Страница 1 из 55
До дрожи
Ана Сакру
1. Алиса
— Да, я понимаю о чём ты, — Глеб Янович сжимает пальцами переносицу, мерно расхаживая по крытой уличной кухне нашей базы.
Вижу его, и вдоль позвоночника простреливает электрический разряд, сердце срывается вскачь. Ничего не могу с собой поделать — он такой красивый.
И взрослый…
Он старше меня на четырнадцать лет, и это вечность для любви, я понимаю.
Но не могу о нём не мечтать.
— Алис, от меня что-то надо? — Глеб Янович резко тормозит посреди кухни и фокусирует на мне взгляд своих почти прозрачных голубых глаз, прикрывая ладонью динамик телефона.
Вспыхиваю как маков цвет, кусая губы. На мгновение мне кажется, что он догадывается, что я специально пошла его искать. Без цели…Просто Наумова долго не было у нашего костра, и меня начала одолевать хандра по этому поводу.
— Нет. Я закуски сделать, — бормочу, наискосок пятясь к трём старым общим холодильникам, поставленным в ряд в углу навеса, — Не помешаю?
— А, конечно нет, — рассеянно улыбнувшись, Глеб Янович тут же отворачивается от меня и продолжает прерванный разговор.
Достаю продукты, каждой клеточкой ловя звук его кружащих шагов за моей спиной. Боковым зрением жадно впитываю образ. Нахмуренный высокий лоб, светлая, выгоревшая почти до белизны на солнце челка, твердый подбородок с пробивающейся короткой вечерней щетиной, двигающийся при разговоре кадык, крепкие загорелые предплечья, видные из закатанных по локоть рукавов летней рубашки, тонкие чувственные мужские губы…
Мы тут совершенно одни, оглушенные цикадами и отдаленным шумом прибоя. Ох…Даже руки дрожат.
Надеюсь, он не смотрит, как я неуклюже нарезаю сыр сейчас. Решит ещё, что это от выпитого домашнего вина и отправит спать как маленькую. Вот это точно будет неловко! Тем более перед ним!
От одной мысли так опозориться перед своим идеалом моё лицо вспыхивает ещё сильней. Хорошо, что сейчас уже ночь, и, кроме одинокой лампочки Ильича, тоскливо свисающей посреди навеса, ничто нас не освещает. Да и болезненный румянец вполне можно списать на лёгкое алкогольное опьянение, передоз свежим морским воздухом и танцы у большого костра под гитару. А не на то, что я уже год как безумно влюблена в Глеба Яновича Наумова, нашего историка.
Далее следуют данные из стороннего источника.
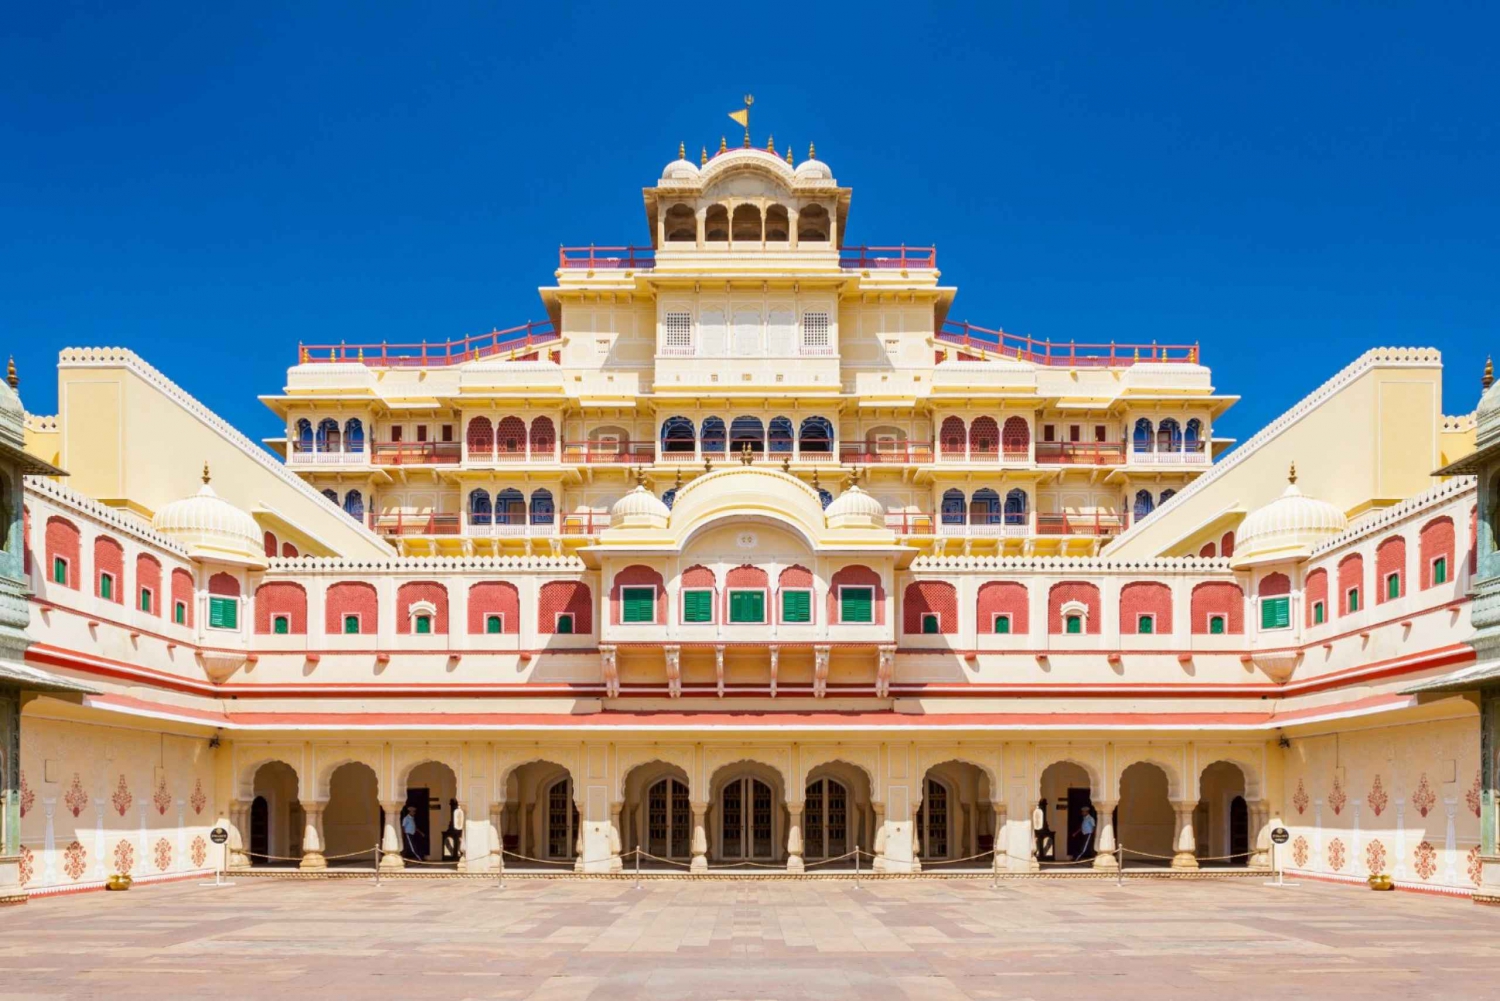 Från Jaipur: Privat halvdags stadsrundtur med guide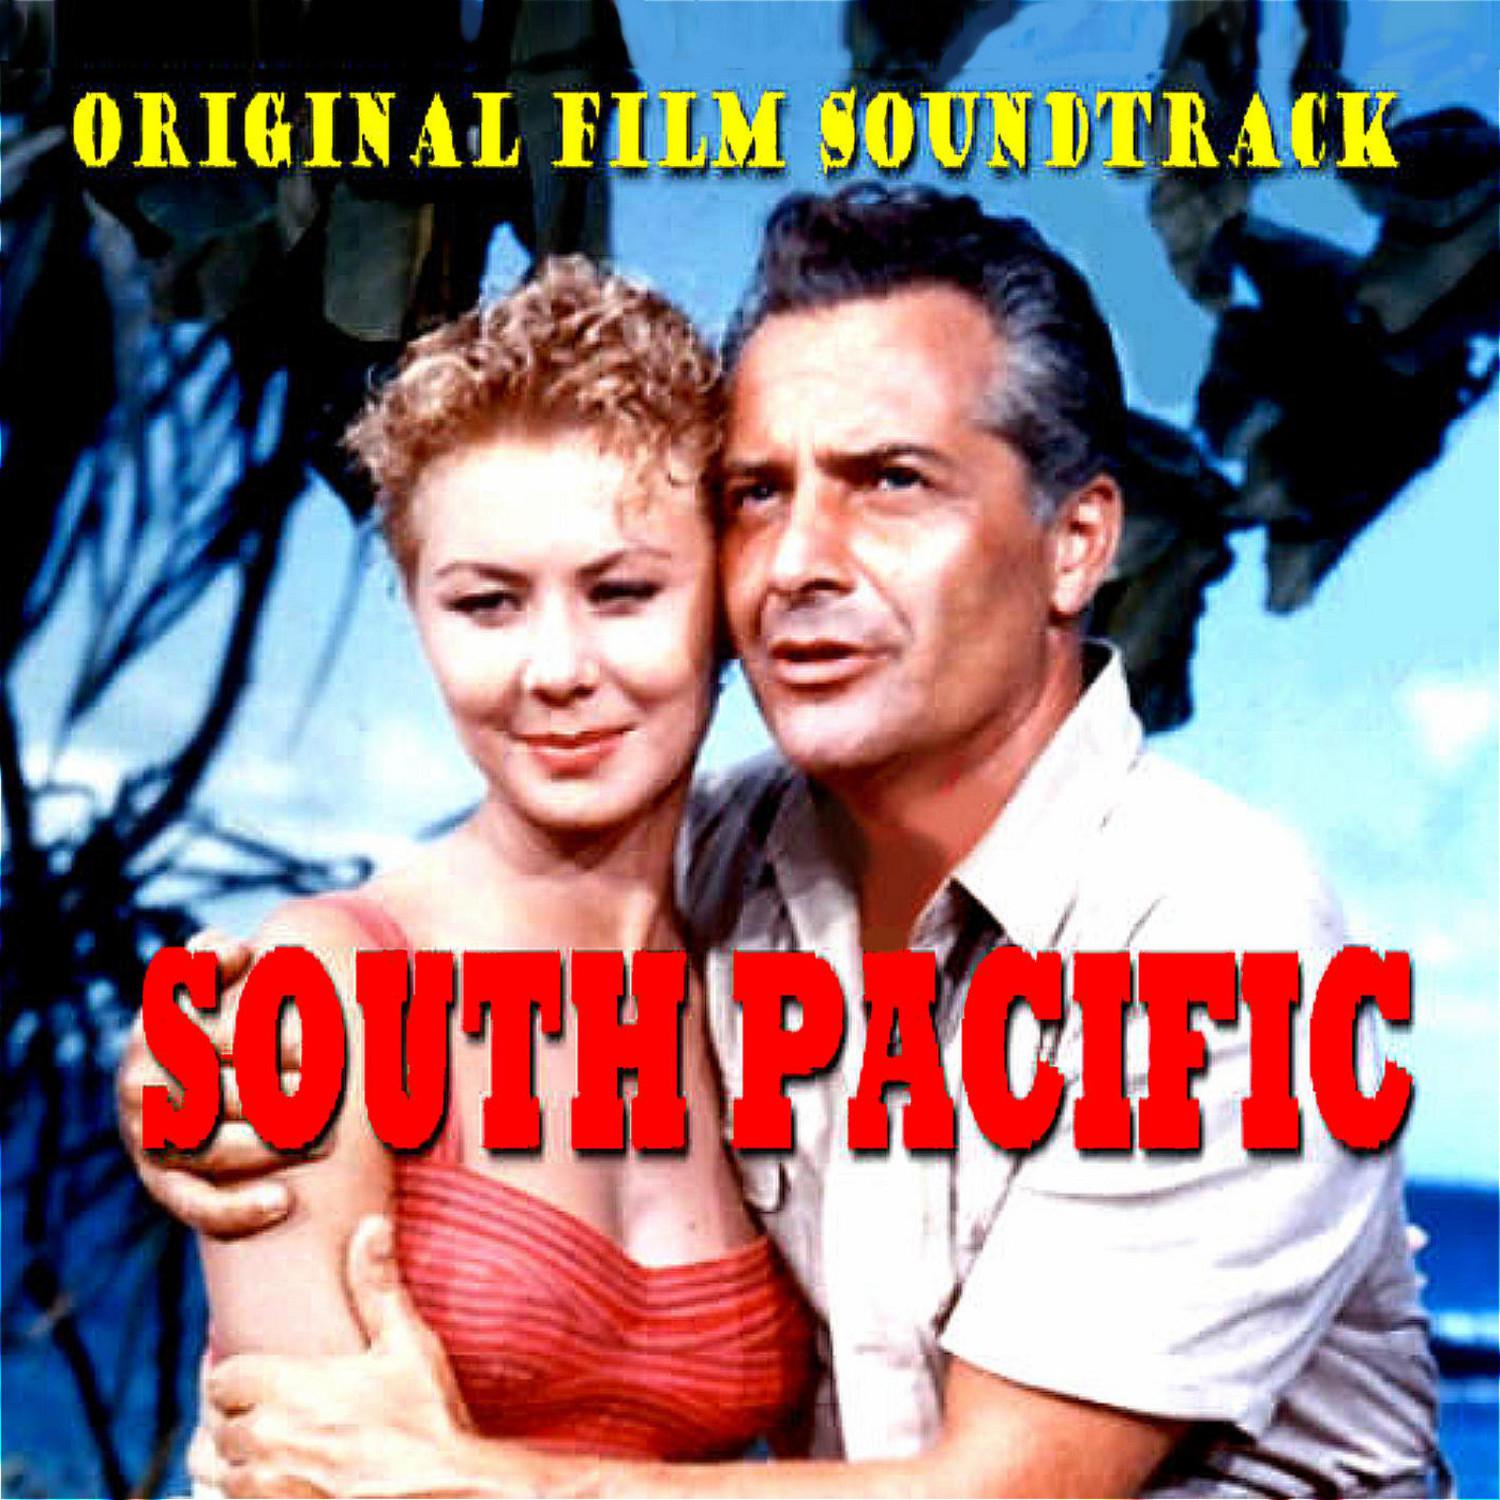 South Pacific The Original Film Soundtrack

Сегодня в лагере праздник — отмечаем начало заезда на летнюю практику в Крым, цель которой — помощь в археологических раскопках. Группа набиралась по желанию, так что состав её достаточно разношерстный, и далеко не всех ребят с нашего потока я здесь знаю.
Старшими к нам, только закончившим первый курс, и вовсе представлены четверокурсники с кафедры Глеба Яновича — он тут старший научный руководитель и по совместительству моя главная причина вызваться провести следующие три недели под палящим солнцем, в душном вагончике на четыре человека, куда расселяют тех, кто не решился все это время прожить в палатке, и конечно в обнимку с лопатой и пылевой кисточкой.
Вечеринка на пляже длится уже как три часа. Нескольких особо несдержанных успели принудительно отправить спать, остальные без оглядки веселятся.
Я уже достаточно пьяна — я это чувствую по тому, как неровно ступаю по песку, как тянет плясать и обниматься с подружками, каким громким получается смех, и какие слишком смелые мысли лезут в голову. Пьяна, но отлично могу себя контролировать.
Кажется…
Вот только эти чертовы руки дрожат.
Но это от того, что Глеб так близко, и я улавливаю его прохладный, едва ощутимый запах. Божечки…Как он хорош! Ну почему он не мой?! Я так его хочу…!!!
— Да, Макс, согласен, присылай — посмотрю, — тем временем говорит Глеб своему невидимому собеседнику в трубку и останавливается около меня.
Невольно отмечаю, что говорит он с мужчиной, и в груди настойчиво теплеет, отдаваясь беспокойным эхом вниз живота. Насколько я знаю, Наумов одинок, но мне сложно поверить, что такой умный и красивый мужчина может быть абсолютно бесхозным.
Как любит говорить моя мама — по-настоящему хороших мужиков разбирают щенками, а Глебу Яновичу уже тридцать два. Но сейчас он созванивается не с женщиной, кольца на его пальце нет, детей и прошлых браков вроде бы тоже, и меня это эгоистично радует, хоть и понимаю, что все равно он не будет моим.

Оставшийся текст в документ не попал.